Adversarial Inverse Reinforcement Learning (AIRL) has shown promise in addressing the sparse reward problem in reinforcement learning (RL) by inferring dense reward functions from expert demonstrations. However, its performance in highly complex, imperfect-information settings remains largely unexplored. To explore this gap, we evaluate AIRL in the context of Heads-Up Limit Hold'em (HULHE) poker, a domain characterized by sparse, delayed rewards and significant uncertainty. In this setting, we find that AIRL struggles to infer a sufficiently informative reward function. To overcome this limitation, we contribute Hybrid-AIRL (H-AIRL), an extension that enhances reward inference and policy learning by incorporating a supervised loss derived from expert data and a stochastic regularization mechanism. We evaluate H-AIRL on a carefully selected set of Gymnasium benchmarks and the HULHE poker setting. Additionally, we analyze the learned reward function through visualization to gain deeper insights into the learning process. Our experimental results show that H-AIRL achieves higher sample efficiency and more stable learning compared to AIRL. This highlights the benefits of incorporating supervised signals into inverse RL and establishes H-AIRL as a promising framework for tackling challenging, real-world settings.

Paper Structure

This paper contains 21 sections, 21 equations, 5 figures, 1 table.

Figures (5)

  • Figure 1: Reward learning curves for AIRL (green) and H-AIRL (red) on Gymnasium benchmarks, alongside an expert PPO baseline (blue).

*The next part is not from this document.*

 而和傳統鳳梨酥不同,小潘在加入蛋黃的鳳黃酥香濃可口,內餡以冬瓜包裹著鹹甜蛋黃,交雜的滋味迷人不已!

  • Figure 2: The policy's state-level action alignment with the expert, for AIRL (green) and H-AIRL (red), across benchmarks with discrete action spaces.
  • Figure 3: RL training curves of PPO or DQN agents using environment (blue), AIRL-derived (green), and H-AIRL-derived (red) rewards on Gymnasium benchmarks and Heads-Up Limit Hold'em poker.

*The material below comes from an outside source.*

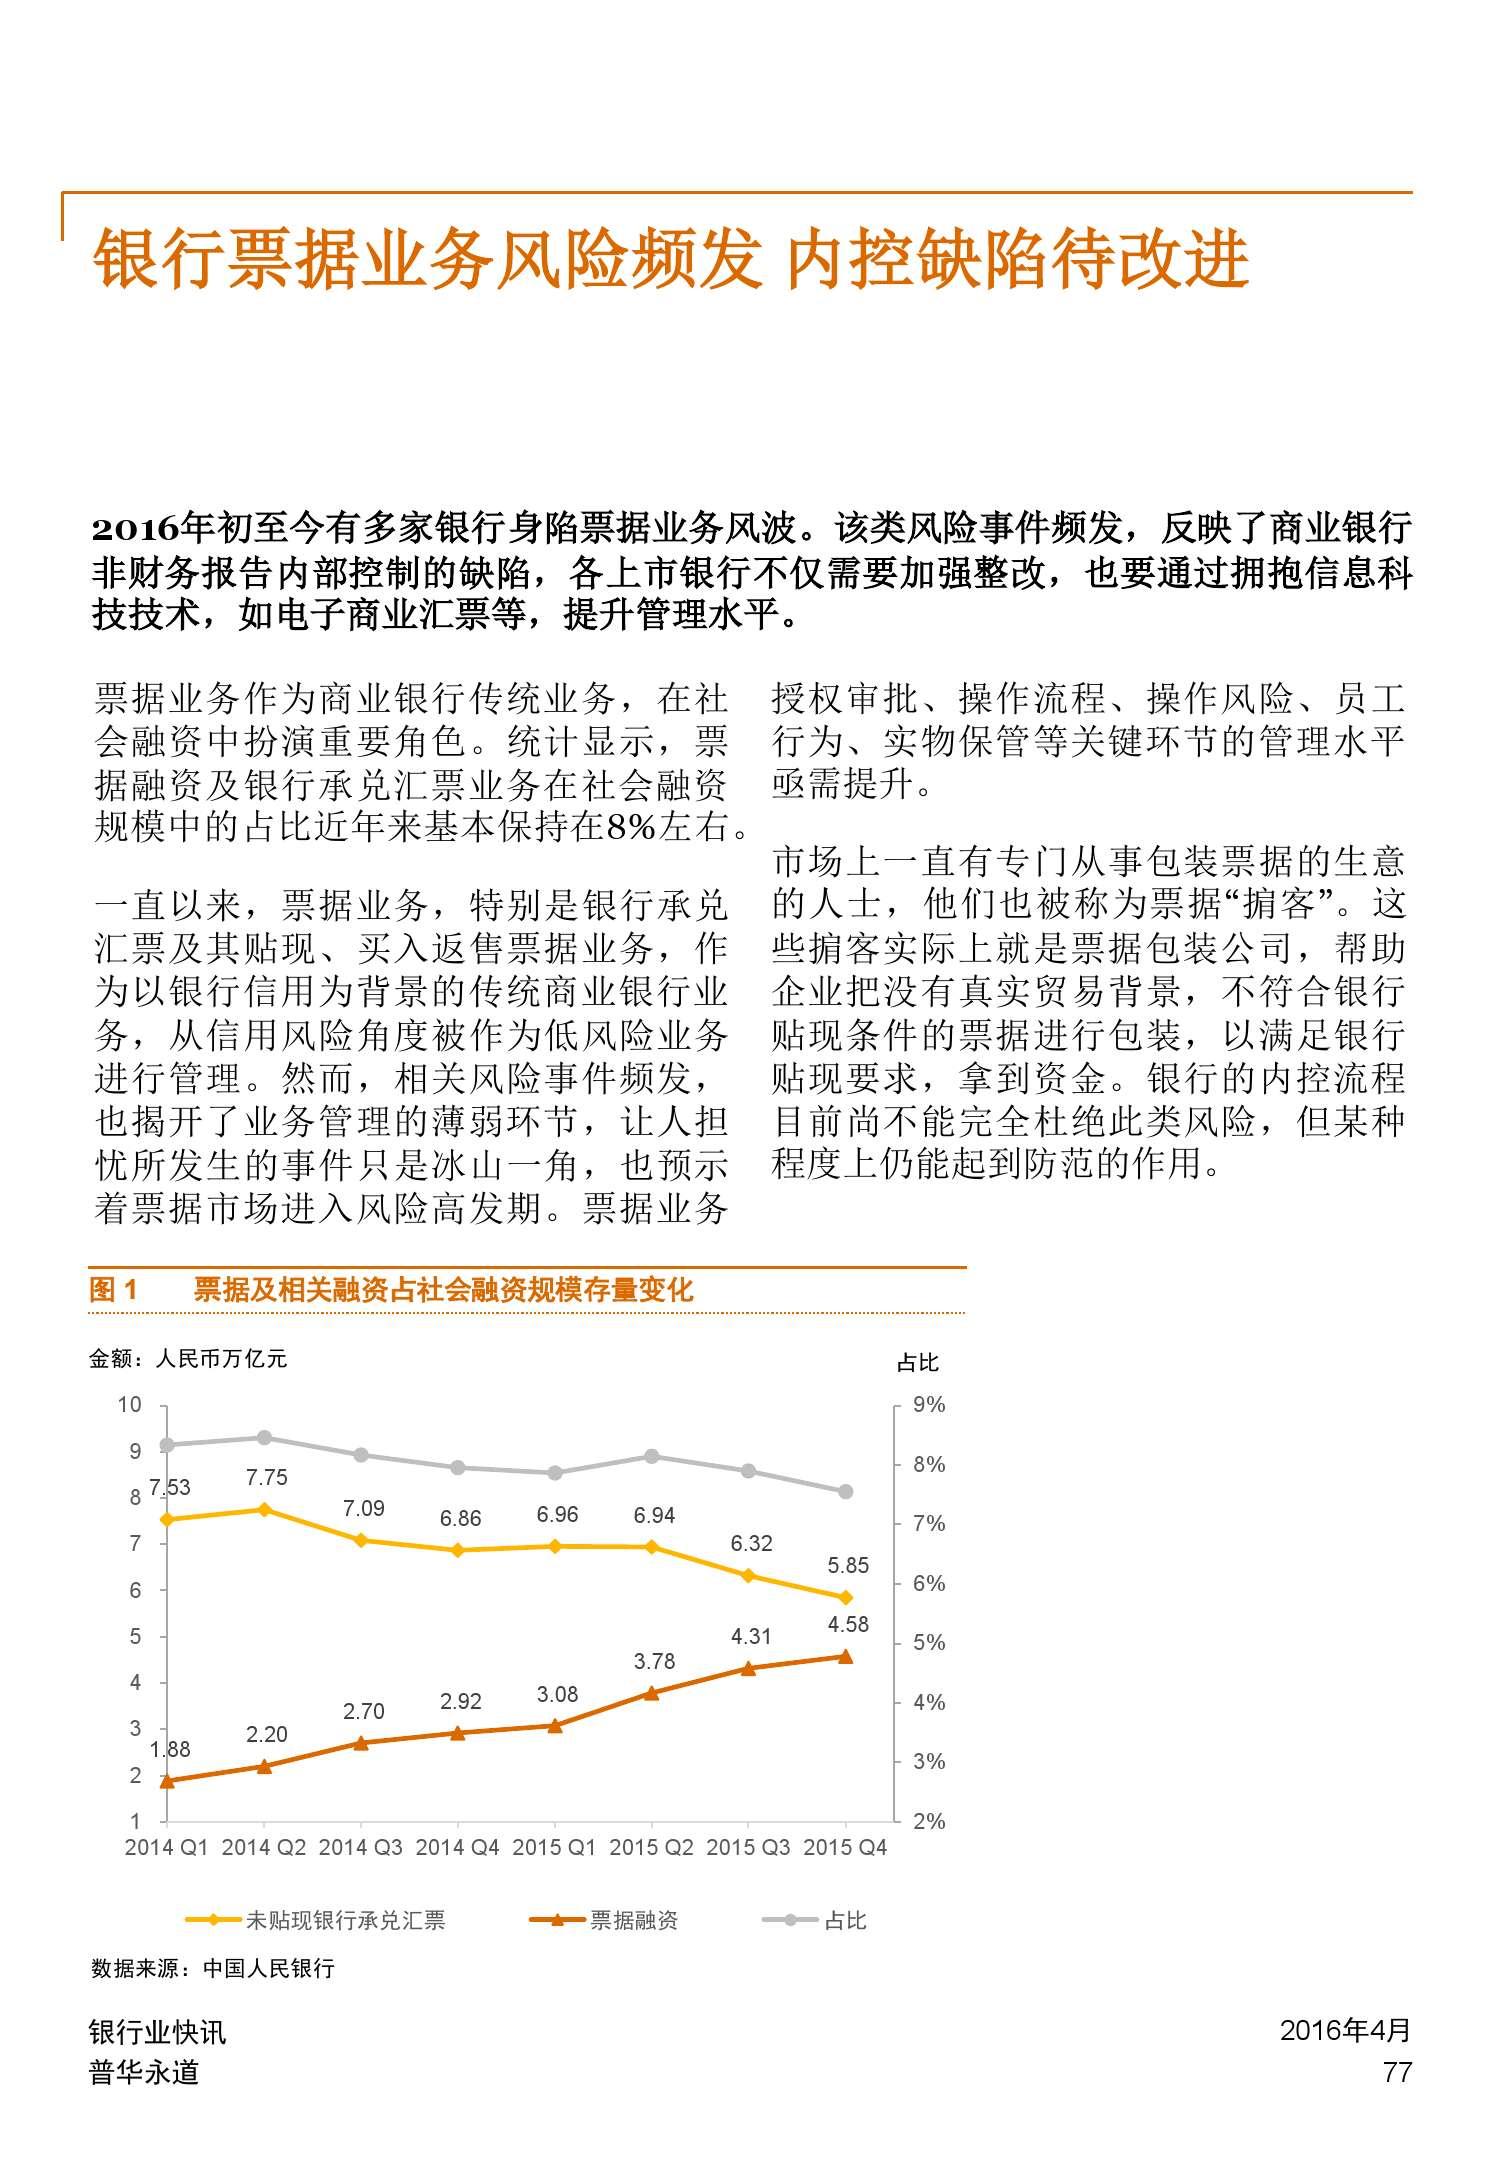 普华永道:2015年中国银行业回顾与展望_000077

  • Figure 4: Preferred actions according to the learned reward functions over the MountainCar state space (position vs. velocity), for each discrete action: "thrust right" (R, blue), "no thrust" (N, green), or "thrust left" (L, red).

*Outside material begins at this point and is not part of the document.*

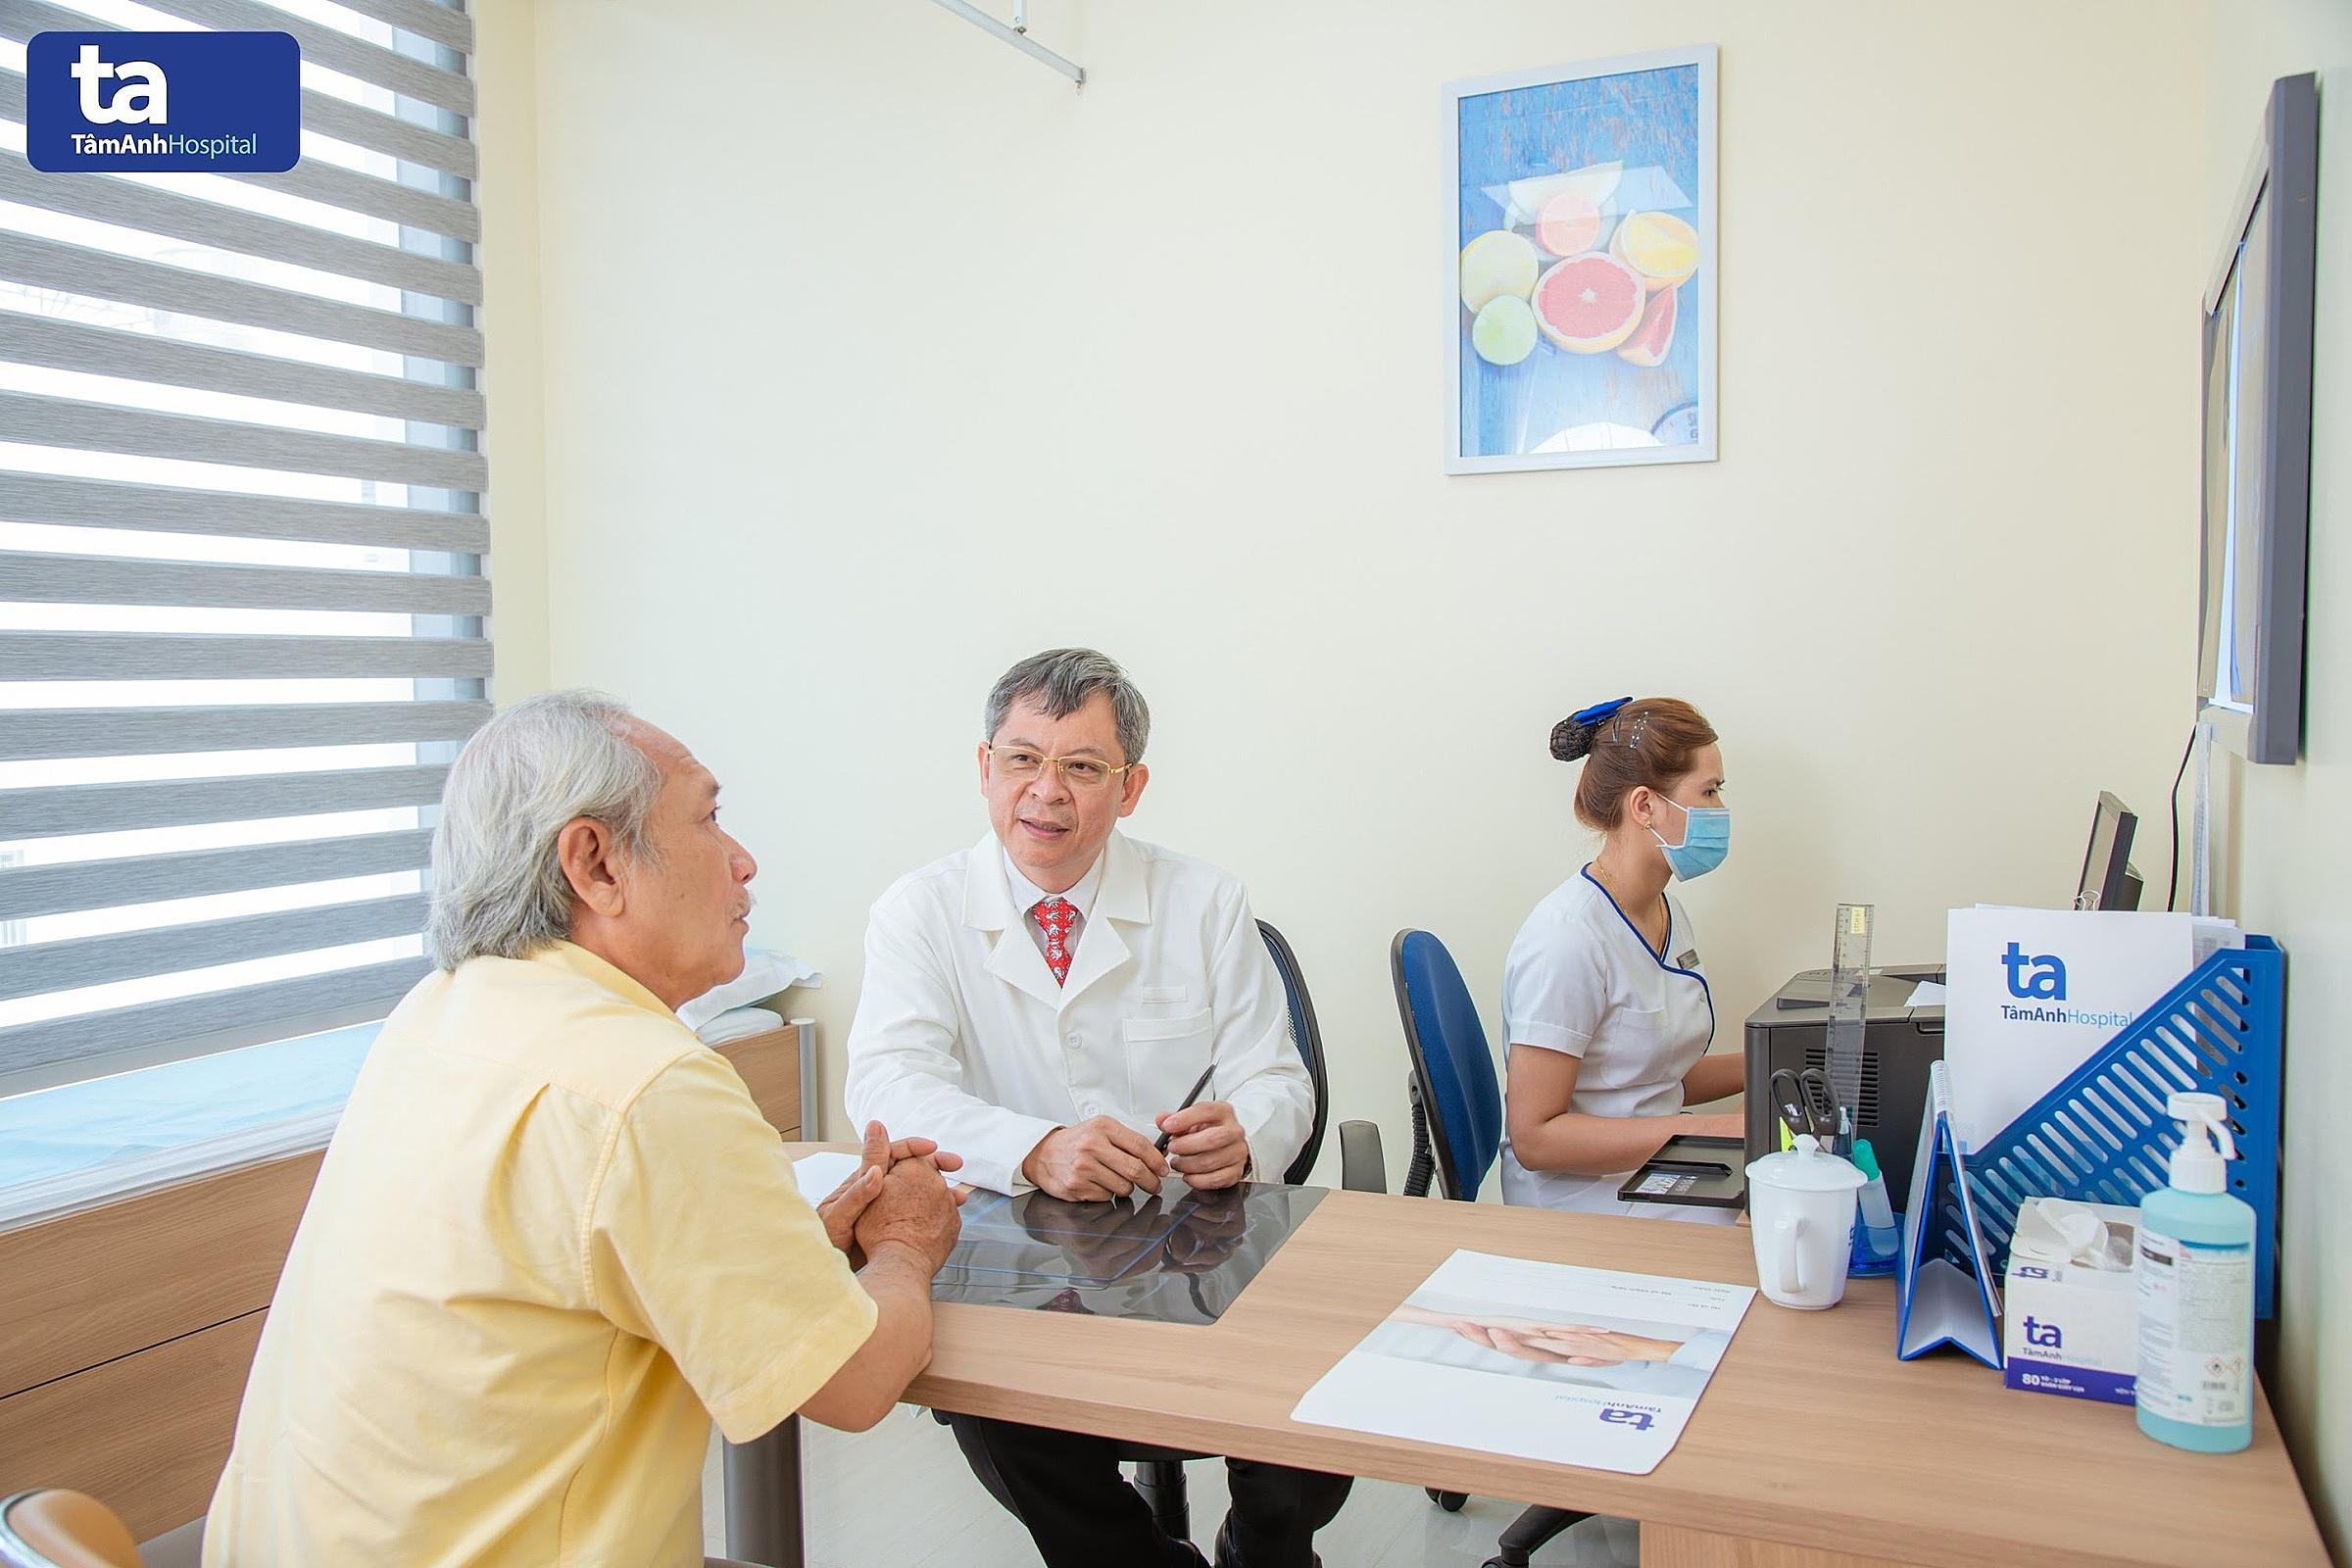 Tiến sĩ, bác sĩ Tăng Hà Nam Anh giúp nhiều bệnh nhân hồi phục nhanh hơn sau chấn thương. Ảnh: Bệnh viện Đa khoa Tâm Anh.

  • Figure 5: One‐factor‐at‐a‐time (OFAT) sweeps on MountainCar for H‐AIRL's core hyperparameters: (a) the policy supervision weight $\alpha$, (b) the discriminator supervision weight $\beta$, (c) the initial noise standard deviation $\sigma_{\text{start}}$, and (d) the final noise standard deviation $\sigma_{\text{end}}$. Each curve shows the mean performance and standard deviation over 10 independent runs.